Fons Roger A, Hainsworth Keri R, Michlig Johanna, Jablonski Megan, Czarnecki Michelle L, Weisman Steven J
Medical College of Wisconsin, Department of Anesthesiology, Milwaukee, Wisconsin, USA.
Children's Wisconsin, Wauwatosa, Wisconsin, USA.
Paediatr Anaesth. 2024 May;34(5):438-447. doi: 10.1111/pan.14843. Epub 2024 Jan 30.

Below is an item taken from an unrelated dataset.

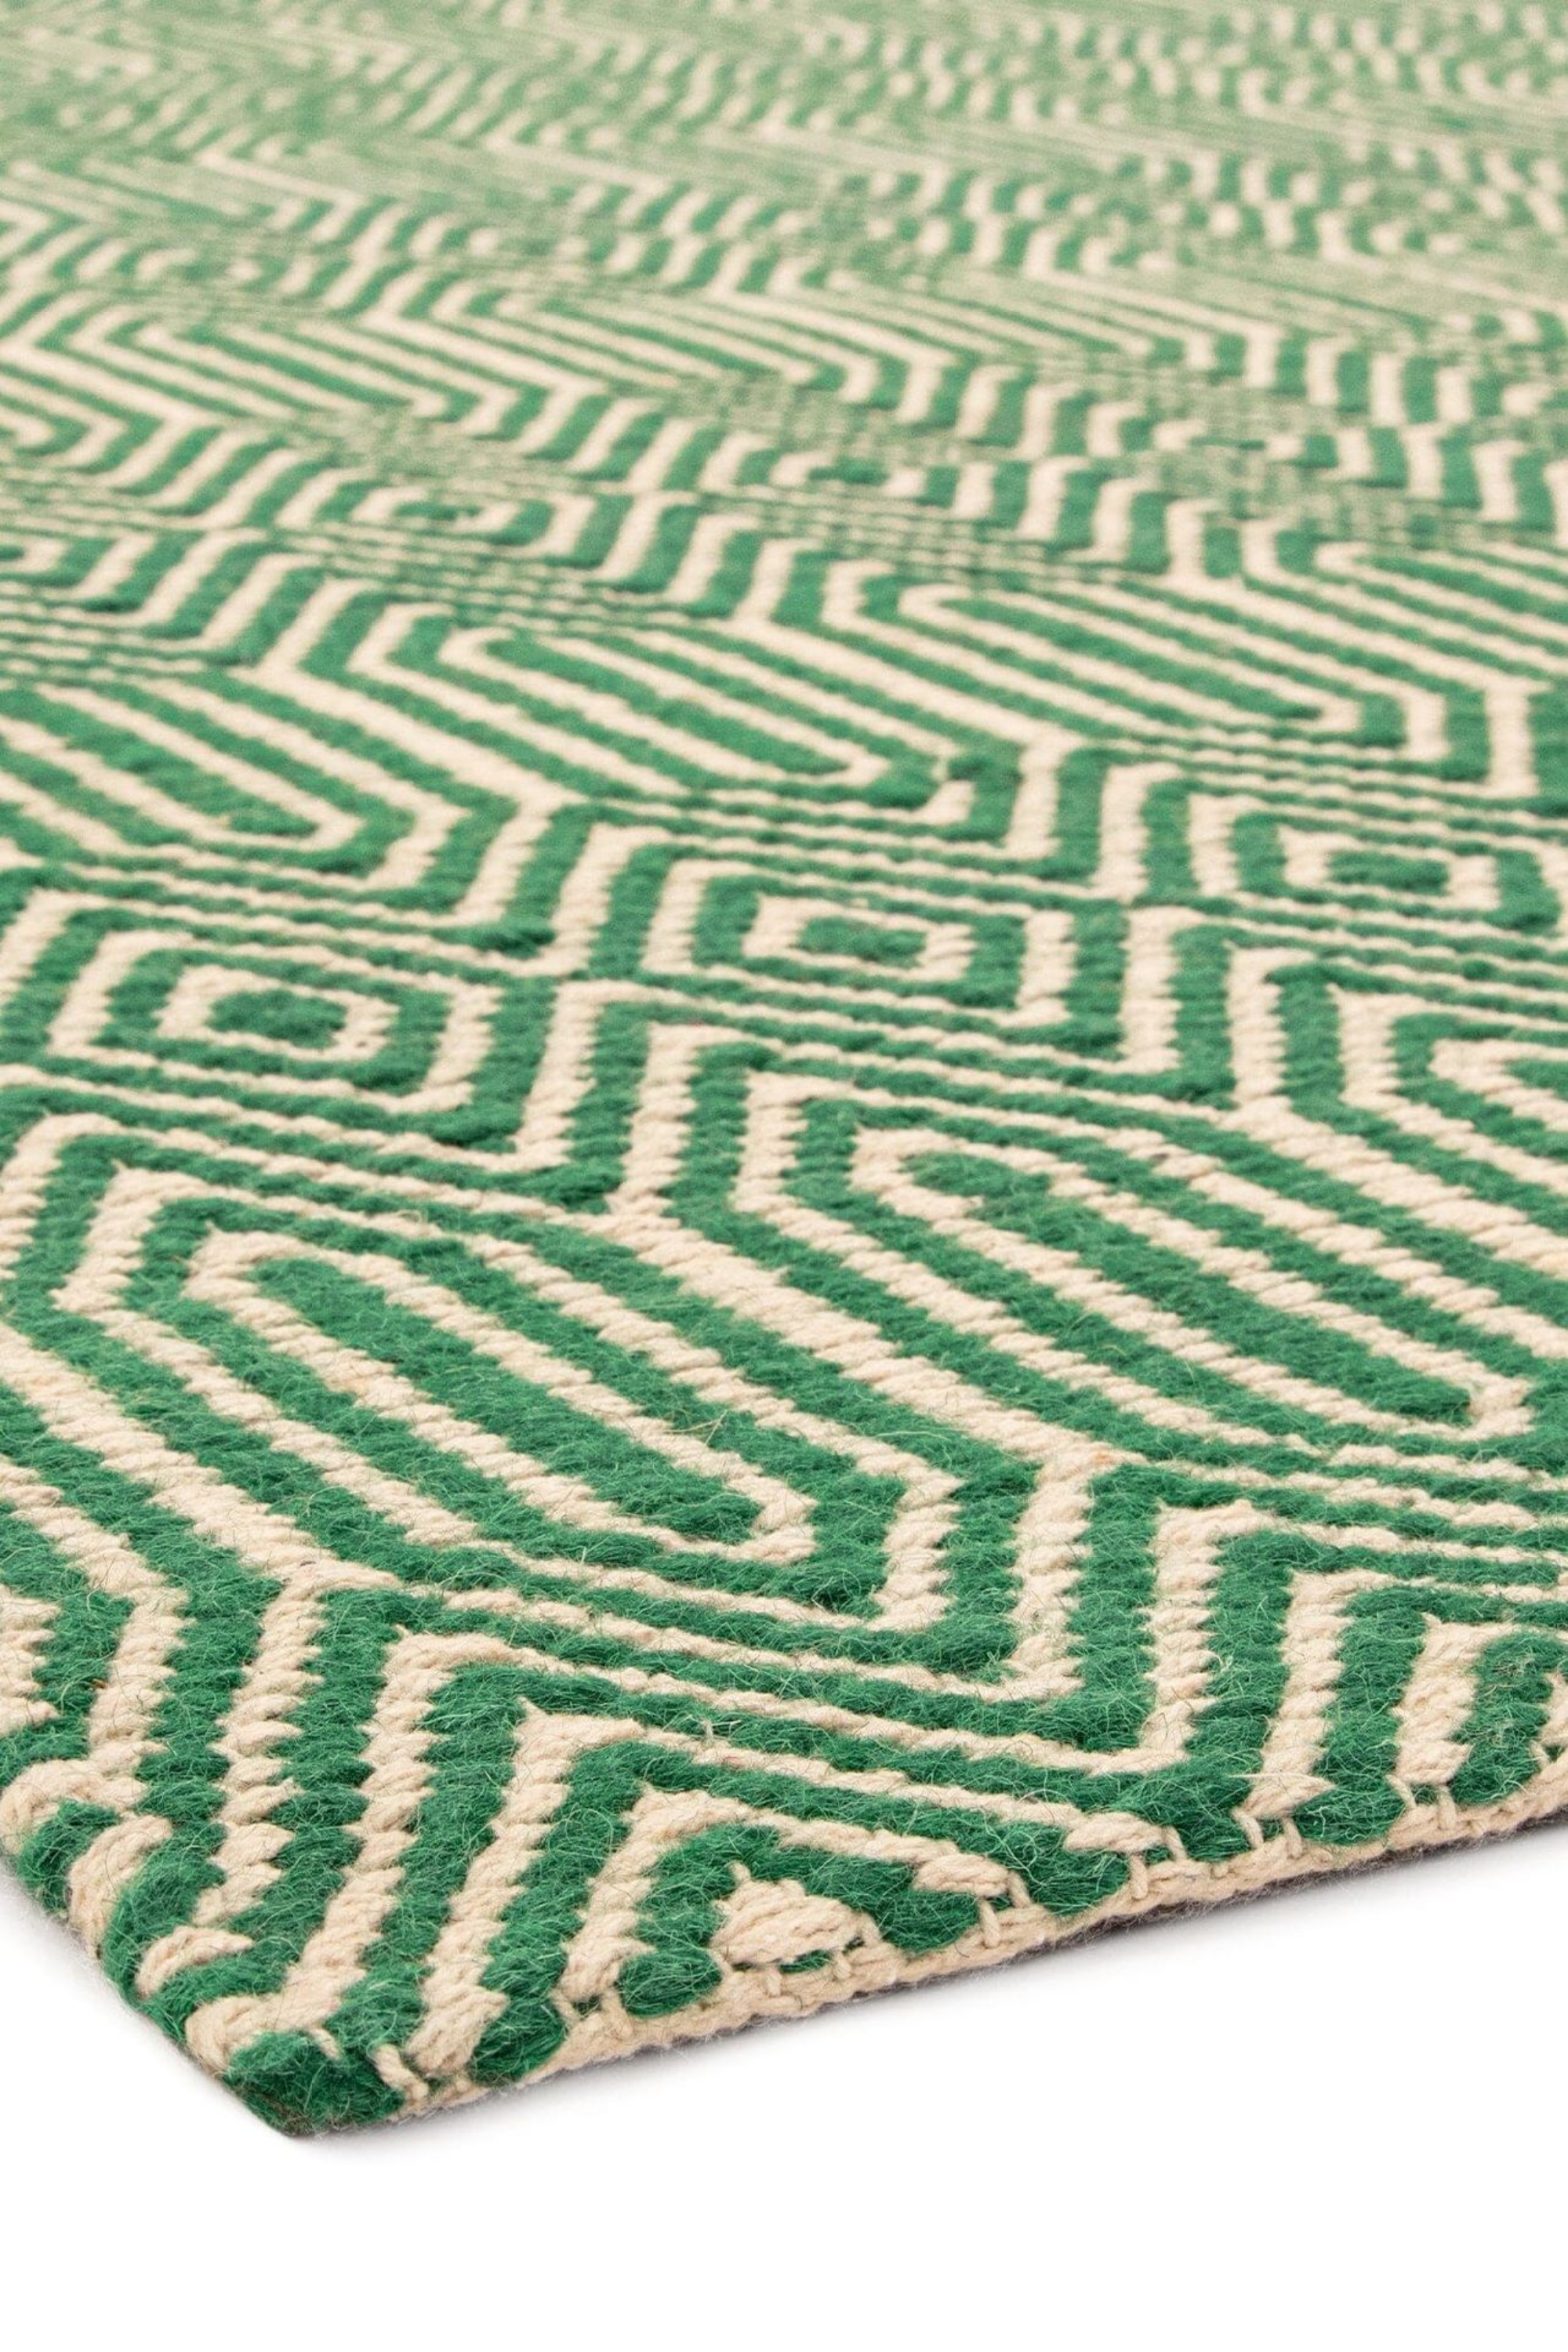 green and white runner with a geometric aztec design

Posterior spinal fusion is the most common surgical procedure performed for correction of adolescent idiopathic scoliosis in the United States. Intraoperative methadone has been shown to improve pain control in adult patients undergoing complex spine surgery, and current pediatric studies show encouraging results; however, prospective randomized-controlled trials are lacking in the pediatric literature.
We conducted a single-center double-blind randomized-controlled trial to compare intraoperative use of methadone to morphine in pediatric patients undergoing posterior spinal fusion.
A total of 47 adolescents undergoing posterior spinal fusion were randomized (stratified by sex) to either a methadone (n = 25) or morphine (n = 22) group. The primary outcome was postoperative opioid consumption. Secondary outcomes included postoperative pain severity, opioid-related side effects, and ratio of patient-controlled analgesia injections: attempts as a behavioral index of uncontrolled pain.
Patients in the methadone group consumed less total opioid postoperatively (median [interquartile range], 0.3 mg/kg [0.1, 0.5]) than patients in the morphine group (0.3 mg/kg [0.2, 0.6]), median difference [95% confidence interval] -0.07 [-0.2 to 0.02]; (p = .026). Despite the lower amount of opioid used postoperatively, pain scores for the methadone group (3.5 [3.0, 4.3]) were not significantly different from those in the morphine group (4.0 [3.2, 5.0]; p = .250). Groups did not differ on opioid-related side effects.
A two-dose intraoperative methadone regimen resulted in decreased opioid consumption compared to morphine. Although the clinical significance of these results may be limited, the analgesic equipoise without increased opioid-related side effects and potential for a lower incidence of chronic pain may tip the balance in favor of routine methadone use for adolescents undergoing posterior spinal fusion.
在美国,后路脊柱融合术是矫正青少年特发性脊柱侧凸最常见的外科手术。术中使用美沙酮已被证明可改善接受复杂脊柱手术的成年患者的疼痛控制,目前的儿科研究也显示出令人鼓舞的结果;然而,儿科文献中缺乏前瞻性随机对照试验。
我们进行了一项单中心双盲随机对照试验,比较在接受后路脊柱融合术的儿科患者中术中使用美沙酮与吗啡的效果。
共有47名接受后路脊柱融合术的青少年(按性别分层)被随机分为美沙酮组(n = 25)或吗啡组(n = 22)。主要结局是术后阿片类药物的消耗量。次要结局包括术后疼痛严重程度、阿片类药物相关副作用以及患者自控镇痛注射次数与尝试次数的比率,以此作为疼痛未得到控制的行为指标。
美沙酮组患者术后总的阿片类药物消耗量(中位数[四分位间距],0.3mg/kg[0.1, 0.5])低于吗啡组(0.3mg/kg[0.2, 0.6]),中位数差异[95%置信区间]为-0.07[-0.2至0.02];(p = 0.026)。尽管术后使用的阿片类药物量较少,但美沙酮组的疼痛评分(3.5[3.0, 4,3])与吗啡组(4.0[3.2, 5.0])相比无显著差异;(p = 0.250)。两组在阿片类药物相关副作用方面无差异。
与吗啡相比,术中使用两剂美沙酮方案可减少阿片类药物的消耗量。尽管这些结果的临床意义可能有限,但在不增加阿片类药物相关副作用且慢性疼痛发生率可能较低的情况下,镇痛效果相当可能使天平倾向于对接受后路脊柱融合术的青少年常规使用美沙酮有利。